Несмотря на очевидное подтверждение гипотезы, согласно которой религиозные группы действуют как адаптивные единицы, основные вопросы настоятельно требуют ответов, а масштаб анализа вместо того, чтобы высвечивать эти ответы, скрывает их во тьме. Мы уже увидели, что групповой отбор часто не устраняет конфликт, а всего лишь переводит его выше, на уровень межгрупповых взаимодействий. Самый грубый прогноз сводится к утверждению, согласно которому Церкви заставляют прихожан вести себя друг с другом так, чтобы их поведение несло благо обществу. А как вести себя с чужаками? Здесь предсказания делать сложнее, хотя статистика преступности не делает различий между внутри– и межгрупповыми взаимодействиями. Другой важный вопрос касается значимости личных религиозных верований. В стремлении разложить по полочкам инвентарь сознания религии заходят настолько далеко, что трудно думать, будто личные религиозные верования (налицо явная ошибка в наименовании, коль скоро личные религиозные верования – это во многом собственность Церкви) не оказывают влияния на общественно ориентированное поведение. Без сопутствующей социальной организации их может и не хватить для оказания такого влияния – но, впрочем, может и хватить. Анонимные алкоголики и подобные организации – хороший пример. Люди, вступающие в такие группы, явно нуждаются в помощи настолько, насколько для них значимо личное благополучие, но при этом им говорят, что корень их проблем – эгоизм:
Эгоистичность! Эгоцентрированность! В ней исток наших бед! Ведомые сотнями форм страха, самообмана, своекорыстия и жалости к себе, мы отдавливаем нашим братьям ноги, а они в ответ отдавливают ноги нам. Иногда они наносят нам раны – казалось бы, беспричинно! Но если мы взглянем в прошлое, то неизменно найдем, что когда-то приняли решение, исходя из себялюбия, и позже оказались в положении, где получили рану… Прежде всего мы, алкоголики, должны избавиться от этой эгоистичности. Мы должны, или она убьет нас! (Alcoholic Anonymous 1976, 62).

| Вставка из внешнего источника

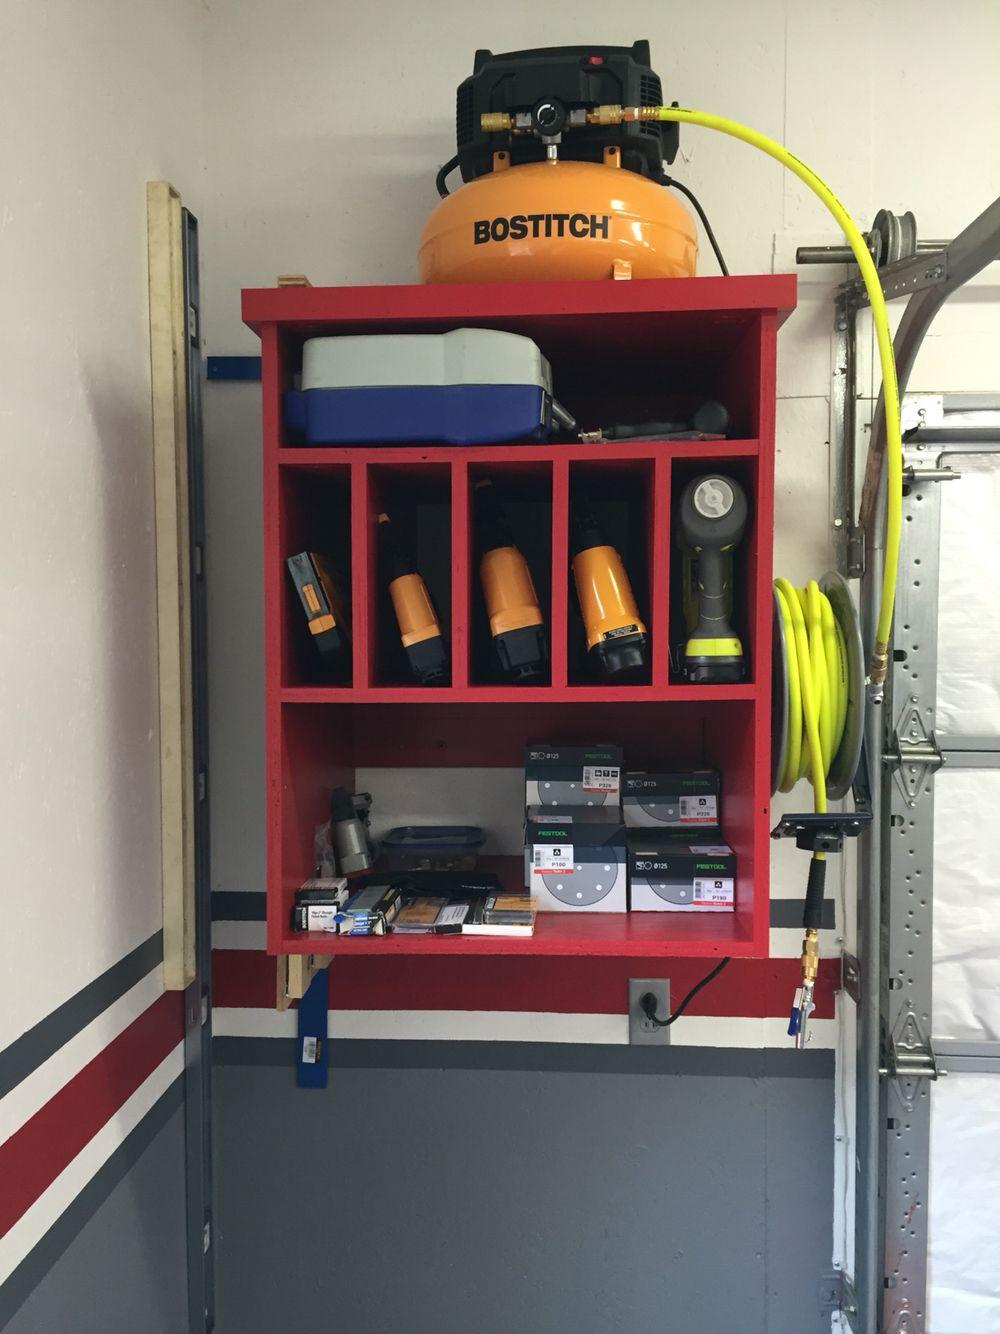 Air compressor cabinet and air tool storage | My Garage Workshop ...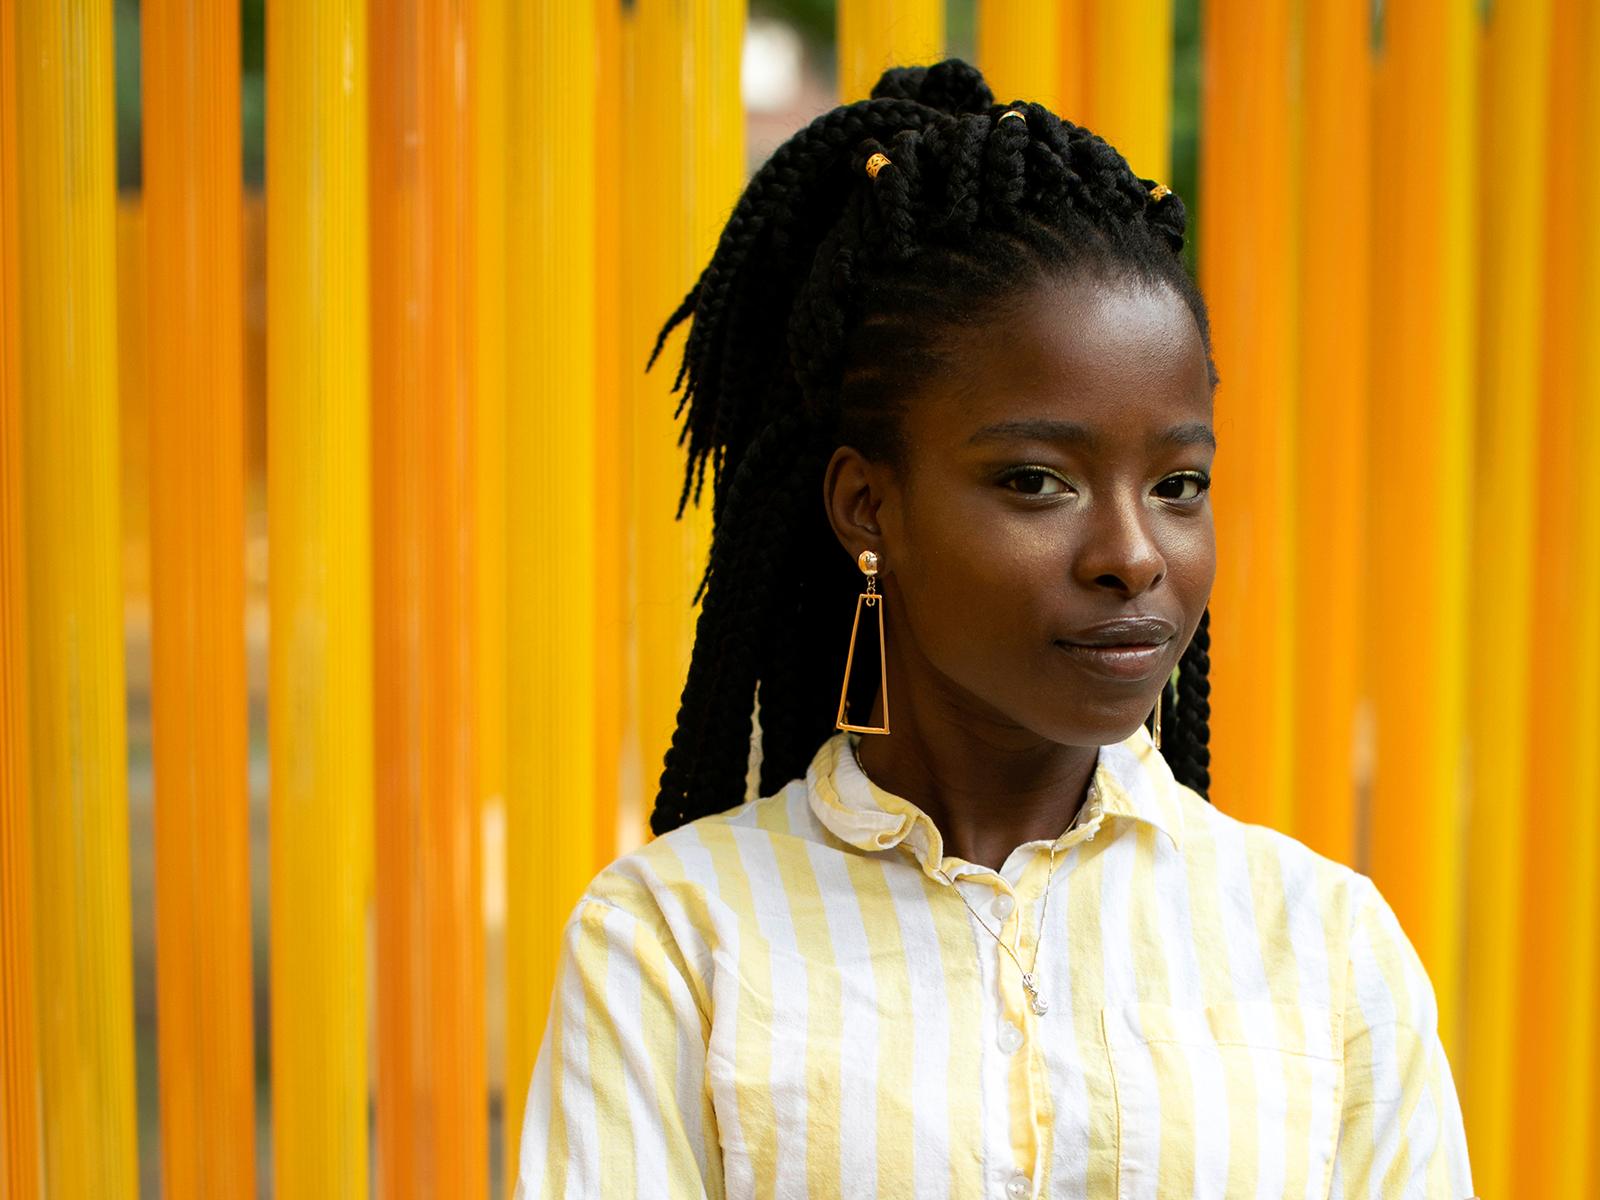 When a Black woman speaks, the world listens

Анонимные алкоголики упорно работают, стремясь внушить верование в высшую силу, в отказ от своеволия и в служение другим как в важнейшие шаги на пути к личному выздоровлению. Определить реальную эффективность этих личных верований можно лишь в научном исследовании. Могут ли дать ответ данные опросов о злоупотреблении алкоголем и о религии, проанализированные Старком и Бейнбриджем (Stark and Bainbridge 1997)? Оказывается, принадлежность к конфессии значительно влияет на злоупотребление алкоголем – в отличие от других форм девиантного поведения. Деноминации консервативных протестантов не одобряют пристрастие к питию в большей мере, нежели деноминации протестантов либеральных и Католическая Церковь. И хотя католики явно не потворствуют ни алкоголизму, ни иному саморазрушительному поведению, на деле Католическая Церковь часто не ограничивает алкоголизм столь же действенно, как это делают деноминации консервативных протестантов. Фактически, по сведениям Старка и Бейнбриджа, регионы США, в которых проживает немалая доля католиков, в 1920-х годах даже не утруждали себя усилиями соблюдать «сухой закон». Трезвость – одно исключительно мирское благо, которого католики от своей Церкви зачастую не получают, а последствия можно измерить в «твердой валюте» – скажем, посчитав, сколь высок уровень смертности от цирроза печени (83).
О религии и злоупотреблении психоактивными веществами Старк и Бейнбридж рассказывают так, что невозможно оторваться. Когда дело доходит до обзорных исследований, они – истинные виртуозы. И они очень чутко реагируют на то, что сами называют «экологической ошибкой», то есть на отнесение к индивидам выводов, полученных для совокупностей. Старк и Бейнбридж обращают внимание на то, что индивидуально и католики, и либеральные протестанты действительно пьют больше, нежели протестанты консервативные. Эти результаты важны сами по себе. Но они не касаются вопроса о том, содействуют ли алкоголики своему выздоровлению, обменивая эгоистичную психологию на психологию религиозных верований в контексте такой программы, какую им предлагают, скажем, в Обществе анонимных алкоголиков. Чтобы ответить на этот специфический вопрос, необходимо научное исследование, проведенное на более точной шкале наблюдений (Hart 1999).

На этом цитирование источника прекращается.